Evolution of microstructure and properties of phenolic fibers during carbonization

The microstructure evolution of phenolic fibers carbonized at different temperatures and the influence of the resulting microstructure on the mechanical and electrical behaviors were investigated using a combination of techniques including thermogravimetric analysis-mass spectroscopy (TG-MS), Fourier transform infrared spectroscopy (FT-IR), laser Raman spectroscopy, powder X-ray diffraction (XRD), scanning electron microscopy (SEM), N2 physical adsorption, tensile strength and electrical conductivity measurements.

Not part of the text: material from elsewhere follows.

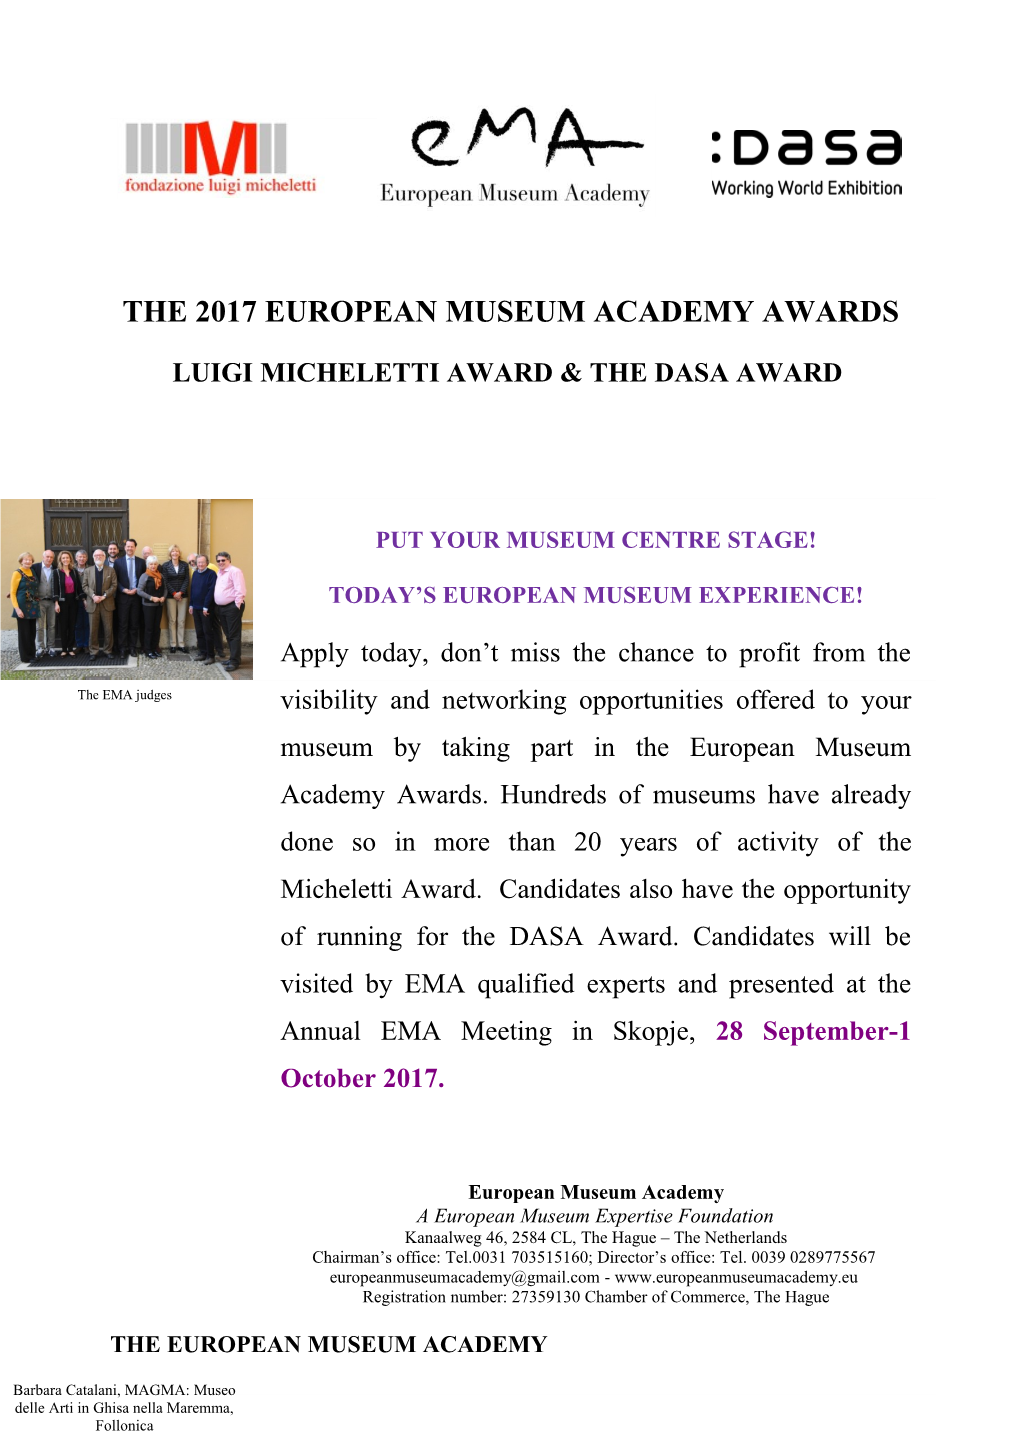 The 2017 European Museum Academy Awards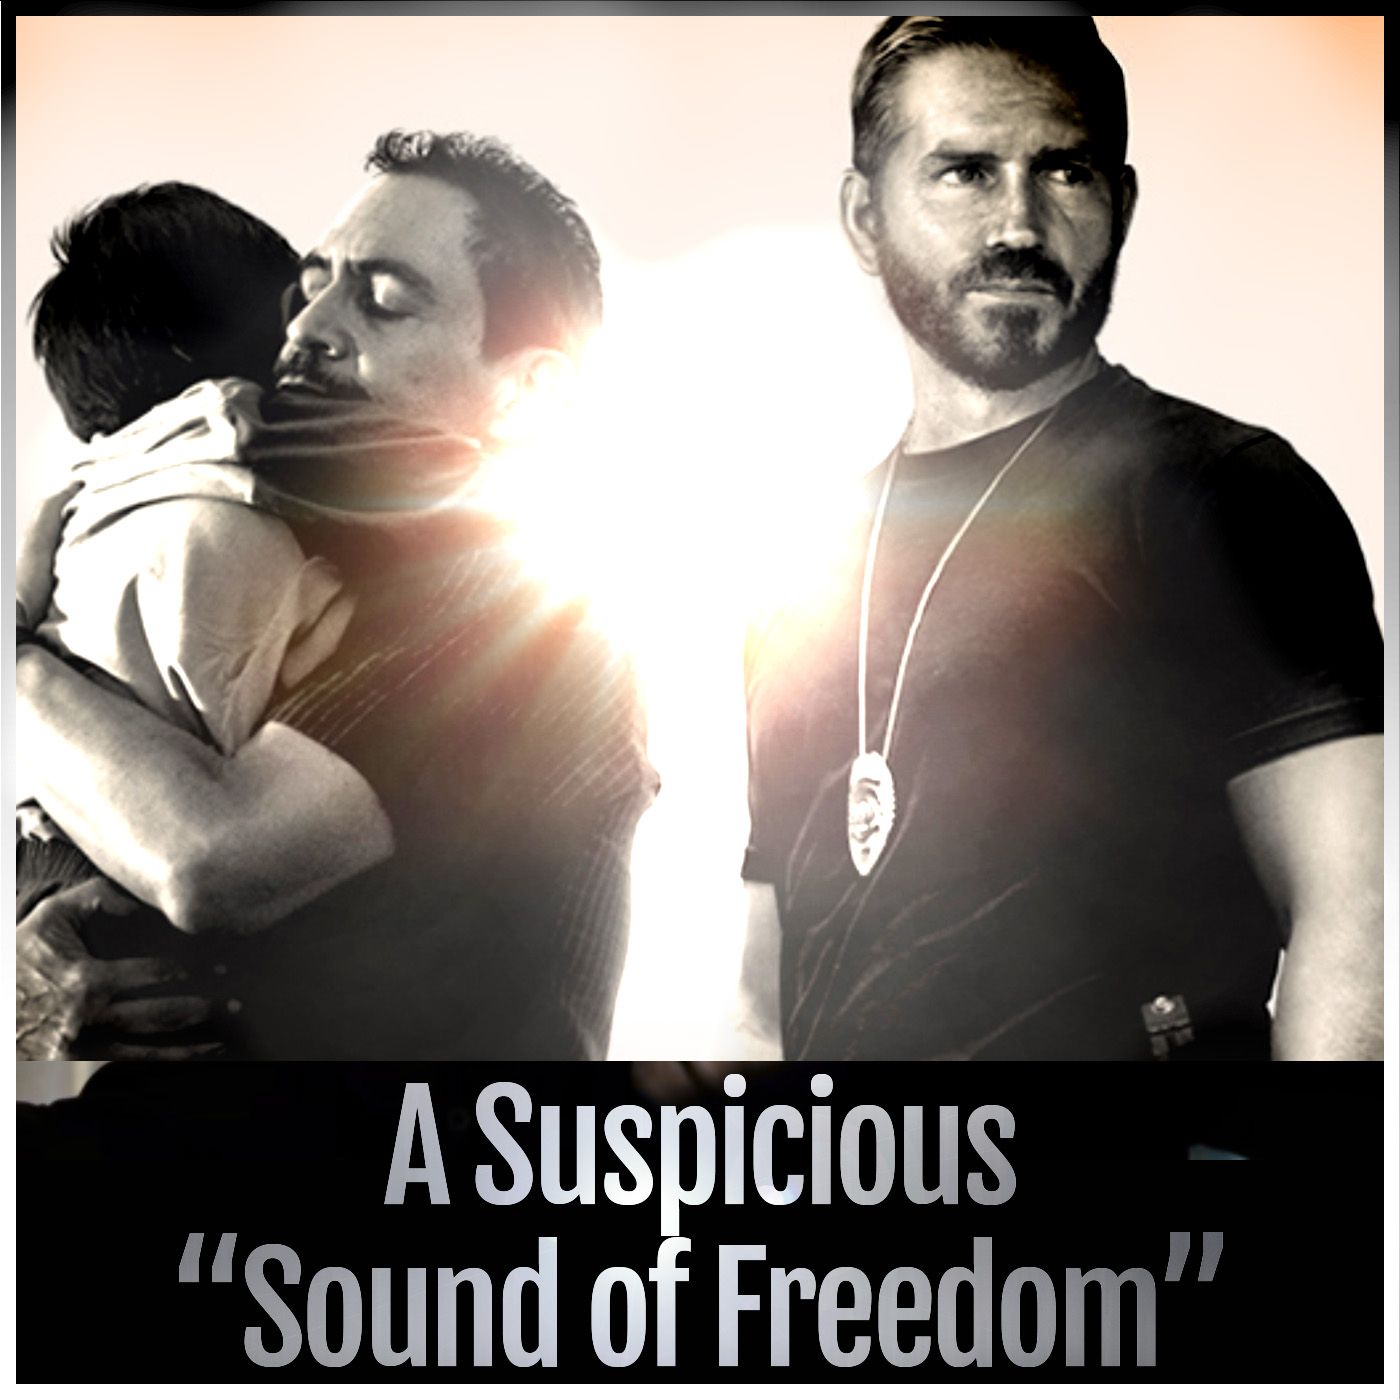 A Suspicious ”Sound of Freedom”

The results showed that below 500 °C aromatic union was crosslinked by aliphatic bridges; above 500 °C with increasing temperature the polymer network was destroyed, hexagonal carbon layers were gradually formed; above 850 °C the content of the hexagonal carbon layers was further increased due to the transformation of the amorphous carbons in the fibers; above 1500 °C slow evolution toward ideal graphite was occurred. The accessible micropores (<1.2 nm, 200–1040 m2/g) could be detected in the range of 600–950 °C. The tensile strength of the carbon fibers exhibited a maximum value of 640 MPa at 550 °C. The electric conductivity increased with increasing temperature and reached a maximum value of 2.45 × 104 S/m at 2800 °C.